Hi I am getting similar err
zlib.error: Error -3 while decompressing data: invalid code -- missing end-of-block
when trying to do dc.get_progeny(organism='mouse', top=500)
. While dc.get_progeny(organism='human', top=500)
works fine.
Hi All, Sorry for getting back to this issue so late, especially that the solution seems to be a trivial little thing: some transactions to UniProt sometimes are slow and time out. To increase the timeout, do the followings:
import decoupler as dc
from pypath.share import settings
settings.setup(curl_timeout = 1200) # 1200 seconds
net = dc.get_progeny(organism = 'mouse', top = 500)
One more thing: because after the previous attempts a corrupted file remained in the cache, you have to remove it first.

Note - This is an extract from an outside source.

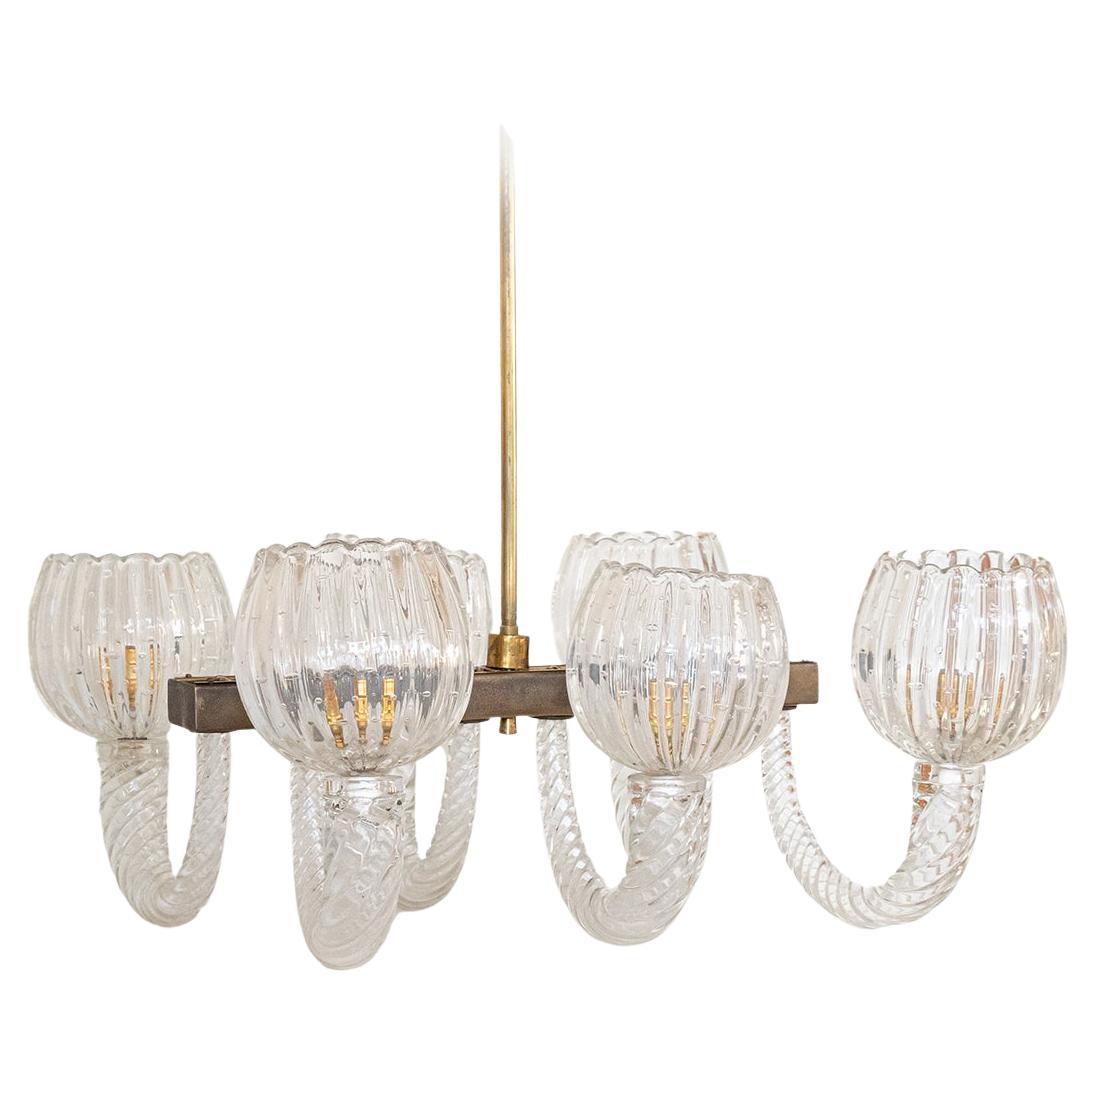 Impressive and large 1940's Barovier glass chandelier from Italy, 1940's. Six thick twisted glass arms arch out from an antiqued brass center, each holding a clear ribbed glass dome shade with scalloped lip. Beautiful clear bubbled glass is all

To do this, I recommend wiping the complete pypath cache:
from pypath.share import settings
# check where is your cache directory:
settings.get('cachedir')
'/home/denes/.cache/pypath'
rm /home/denes/.cache/pypath/*
TLDR:
A full tracback from this error:
>>> import pypath
>>> pypath.__version__
'0.16.17'
>>> from pypath.share import settings
>>> settings.setup(cachedir = '/tmp/tmpcache2')
>>> import decoupler as dc
>>> pgm = dc.get_progeny(organism = 'mouse', top = 500)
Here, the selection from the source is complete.